Тезкин остался в комнате, не желая маячить под их любопытствующими взглядами, а про себя твердо решил, что, как только все уйдут, уйдет и он, догонит Левку, хлопнет его по плечу и скажет: «Ну что, ты все теперь понял?» – И они отправятся в Тюфилевскую рощу, выпьют доброго красного винца и до утра протолкуют о чем-нибудь очень важном. Он объяснит другу, что лакеем может быть только тот, кто сам себя таковым считает, а истинная свобода и достоинство обитают не в этих домах, но на просторных степных дорогах и в ночлегах под открытым небом. Он расскажет ему о звездах на Украине и звездах в Забайкалье – обо всем этом успел он подумать, как вдруг в коридоре раздались шаги и в комнату вошла Маша.

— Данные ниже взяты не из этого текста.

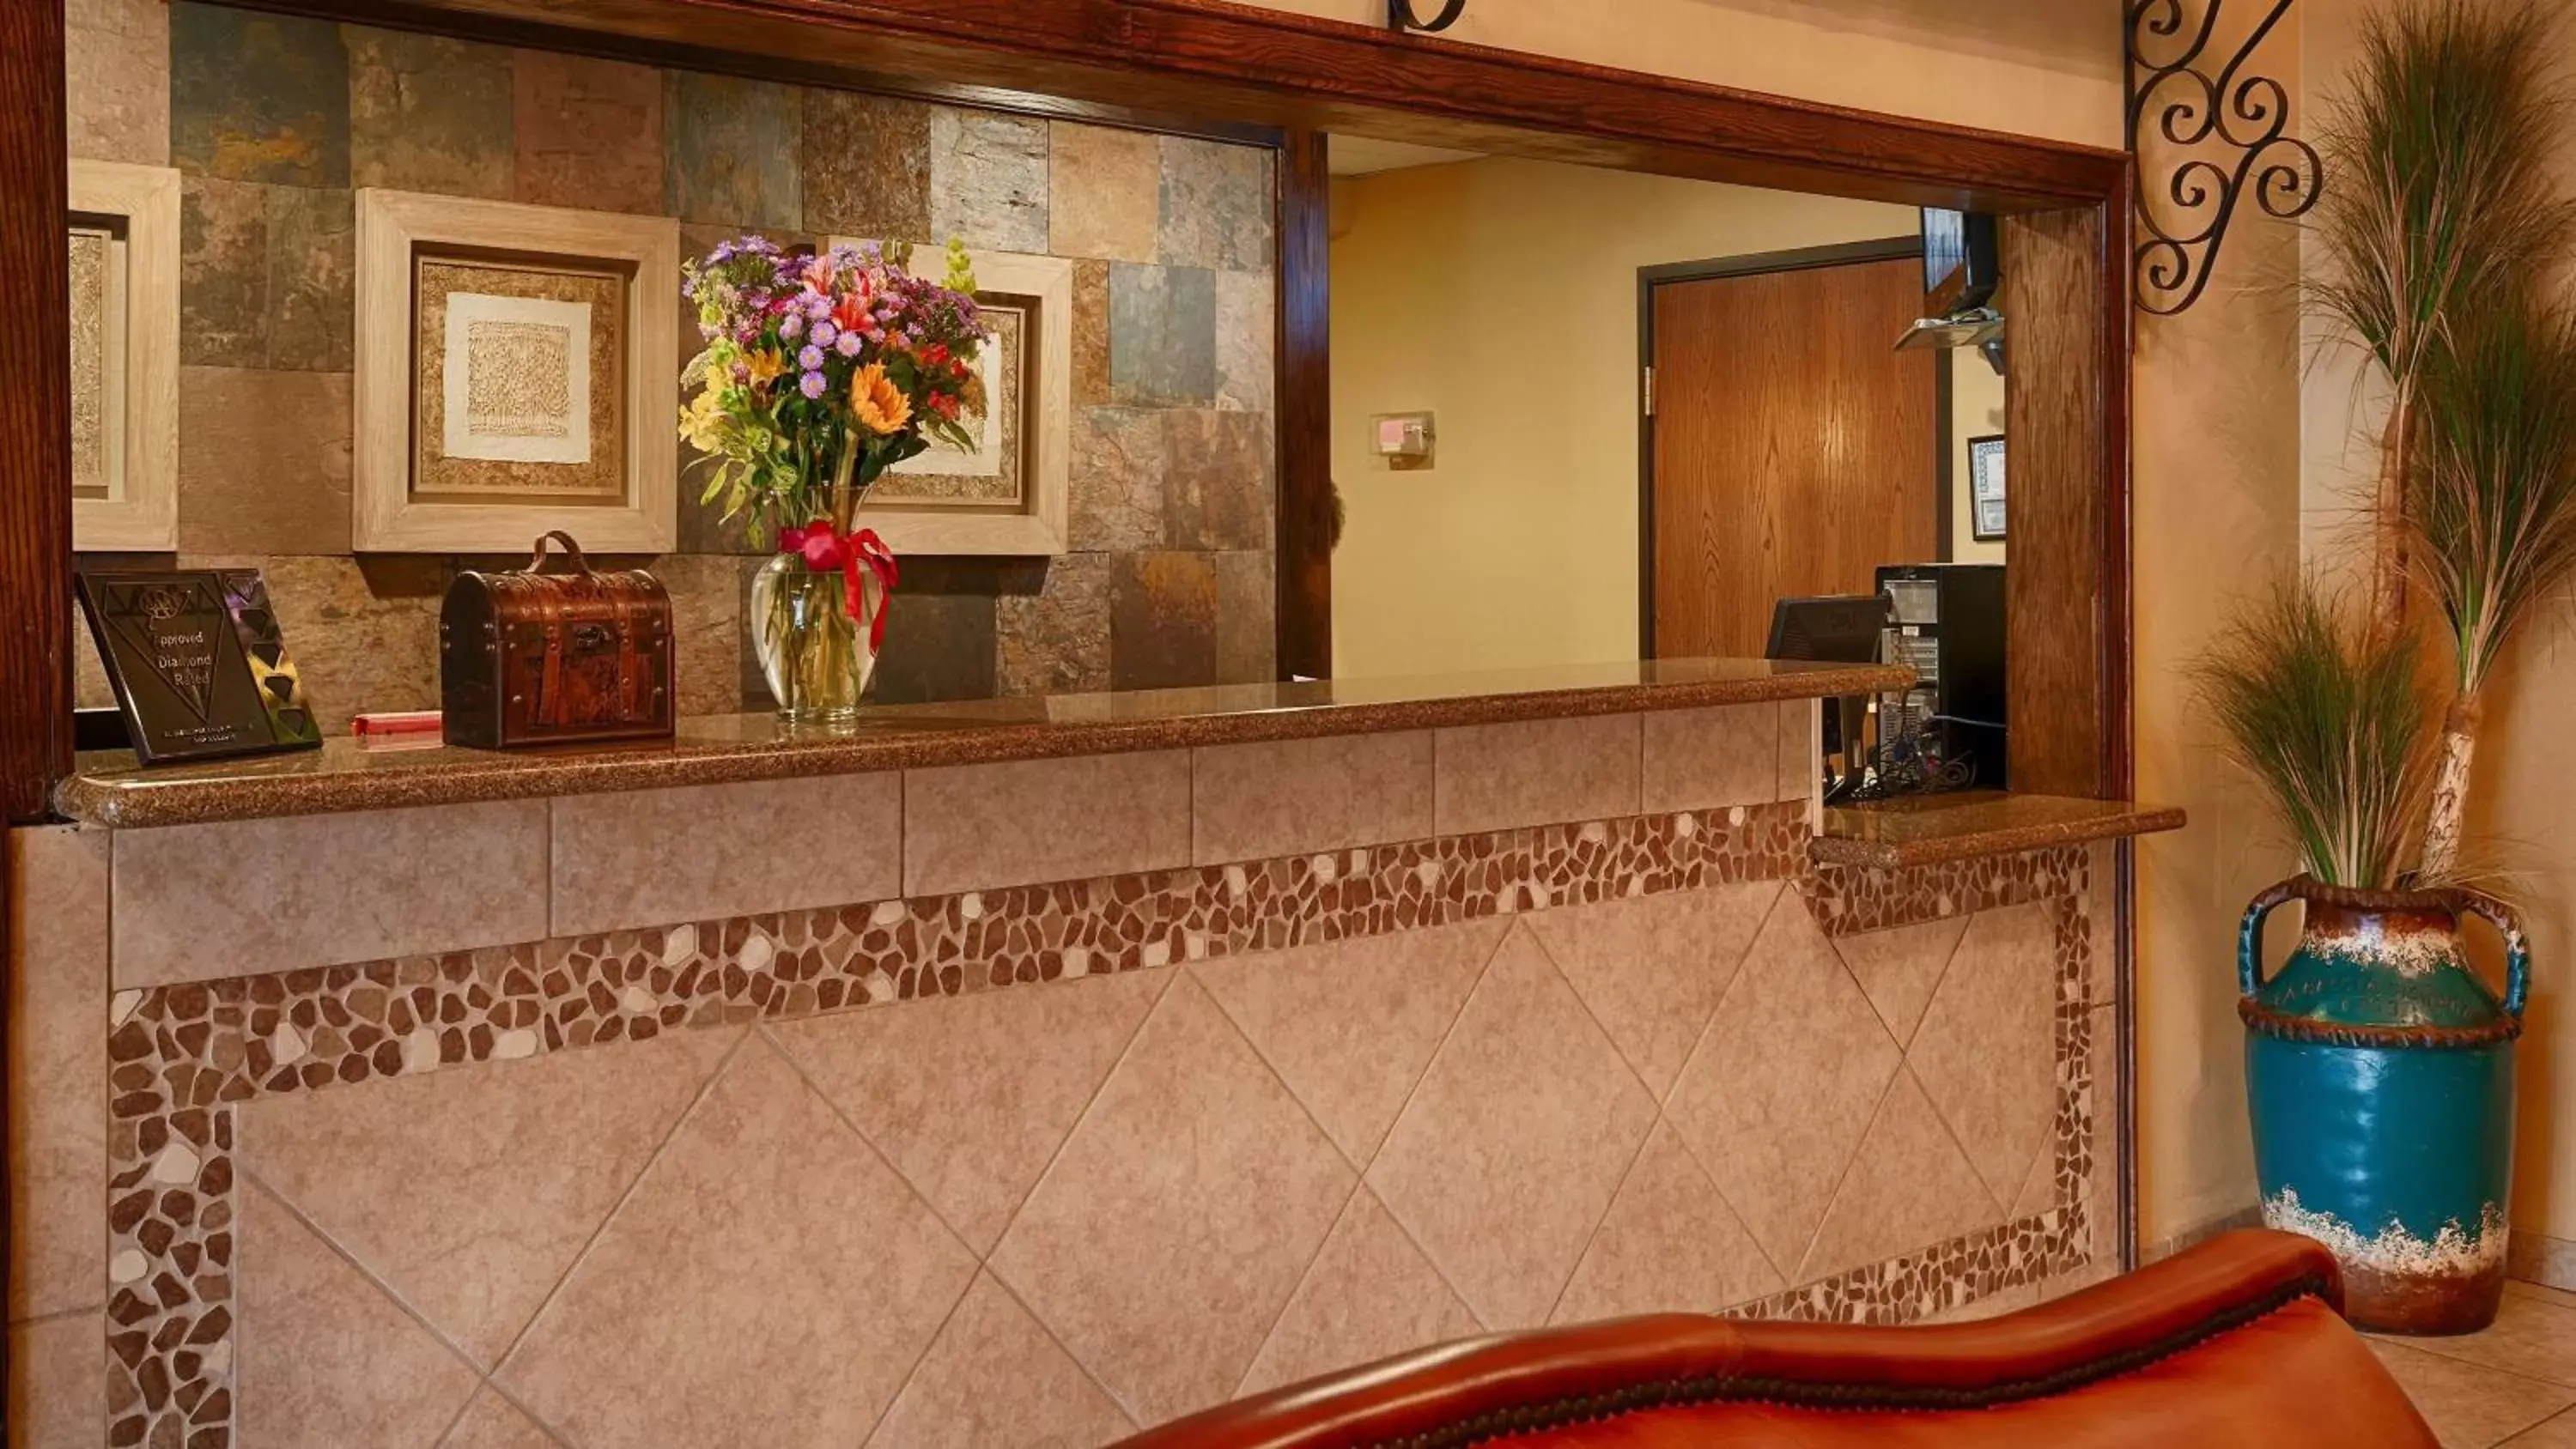 Lobby or reception, Lobby/Reception in Best Western San Isidro Inn

Она уже переоделась и была теперь в сиреневом халате с широкими рукавами и капюшоном.
– Ты хочешь уйти? – спросила она у обомлевшего Тезкина.
– Чем тебе помочь? Ты просила… – только и выдавил он.
– Ничем. Это был предлог, чтобы оставить тебя, – улыбнулась она.
Санечка промолчал, мысленно представив на своем месте Леву, – этот бы не растерялся.
– Тебе совсем не понравились мои друзья?
– Нет.
– Что ж, ты прав. Они действительно скучные люди. Но других у меня нет.
– У меня тоже нет друзей, – признался Тезкин.
– А Лева?
– Вряд ли он теперь захочет со мною встречаться. Он обидчив.
– Догони его.
– Нет, – покачал головой Саня, – пусть уж все идет, как идет.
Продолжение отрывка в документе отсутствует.